Hello, thanks for taking your time out to review my project.
Congrats on completing the project.
-
the notebook is well plotted out/easy to follow–goals listed at the top, use of comments is helpful too as you sort through the data.
-
Just curious: what is the reasoning behind including the total of all the charges? Is it to show the ridiculous amounts that people are charged here in the U.S.? (kind of joking, but not. Healthcare costs are outrageous).
-
I think your function for finding the number of people in each region needs to be tweaked.
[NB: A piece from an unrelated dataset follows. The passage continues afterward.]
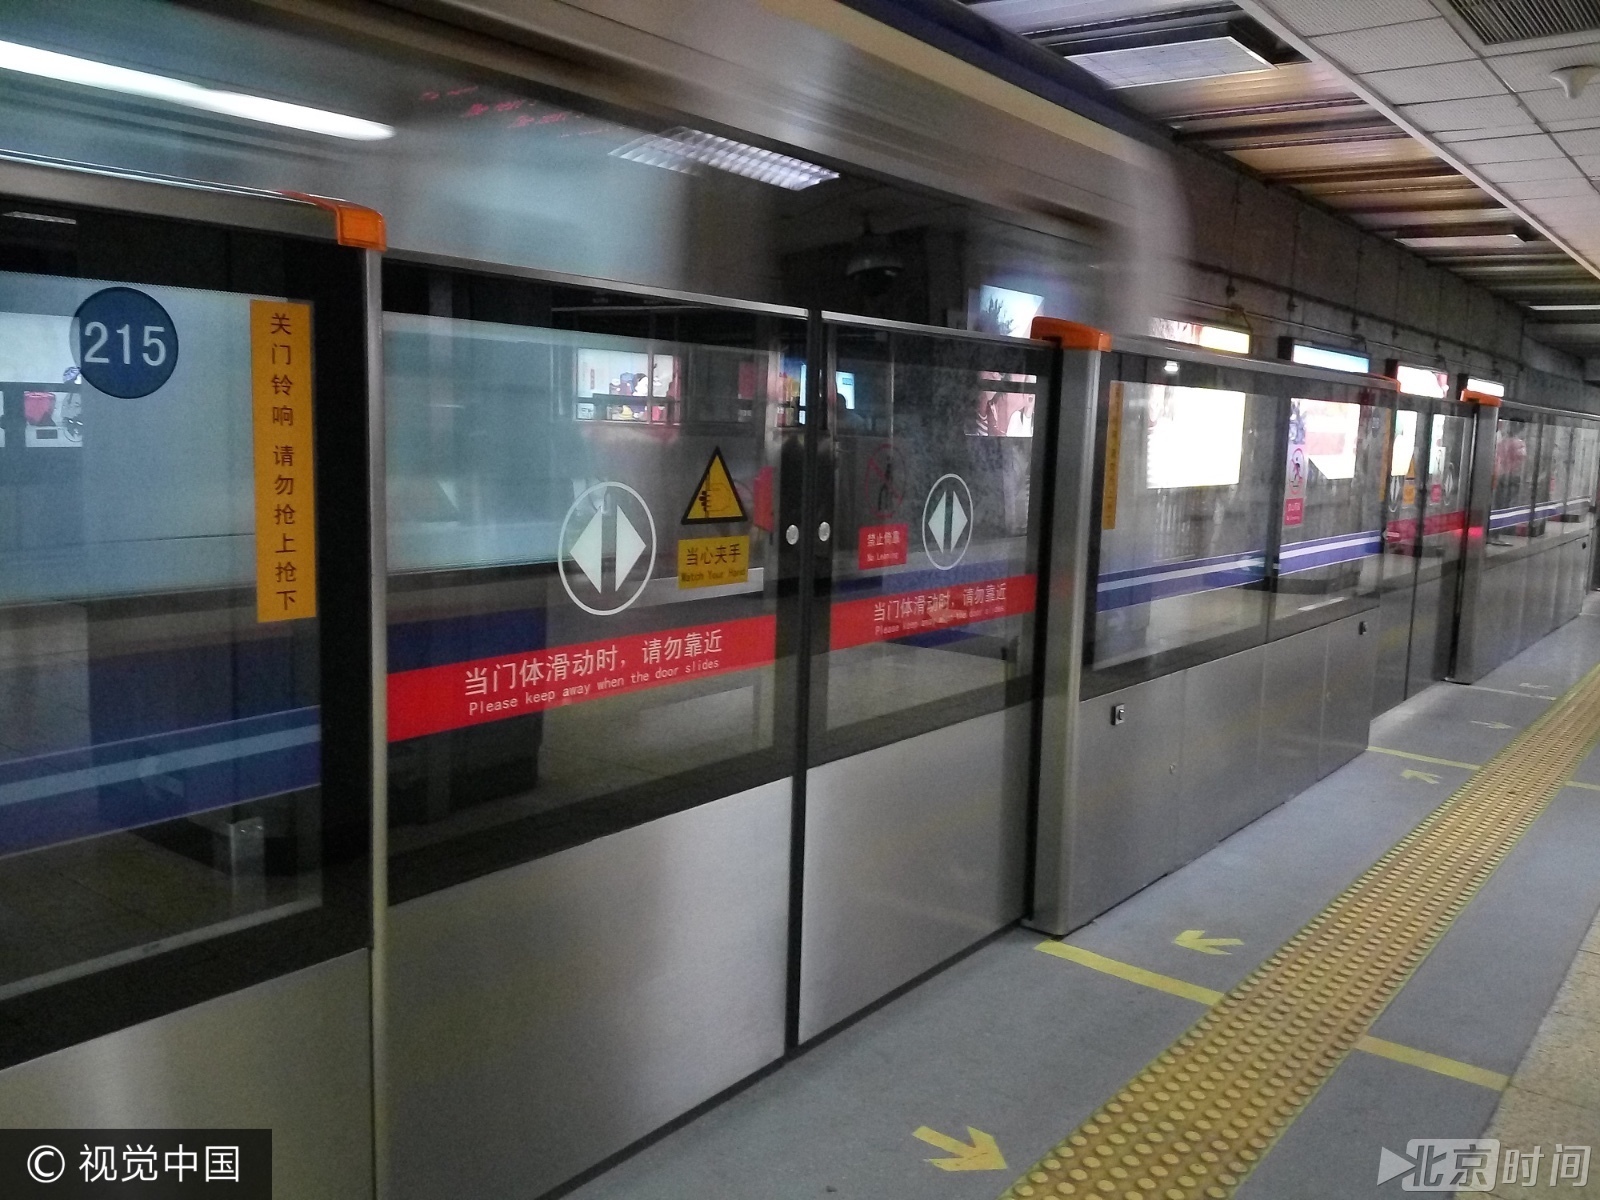 2号线屏蔽门启用 北京地铁将告别无屏蔽门时代

The region with the most people is the Southeast.
See:
insurance["region"].value_counts()
>>southeast 364
southwest 325
northwest 325
northeast 324
Name: region, dtype: int64
- I think the function for calculating the median charges for each region is off by a bit. (maybe b/c you used
math.floor()
?
See:
insurance[['region', 'charges']].groupby('region').median().round(2)
>> charges
region
northeast 10057.65
northwest 8965.80
southeast 9294.13
southwest 8798.59
- Would it be better to find the median charges for smokers vs. non-smokers rather that the total? Median gives us a better comparison, no? Just something to think about.
insurance[['smoker', 'charges']].groupby('smoker').median().round(2)
>> charges
smoker
no 7345.41
yes 34456.35
- You might consider adding a conclusions section at the end of the notebook–just to wrap up your findings by bullet points or something.
Good work.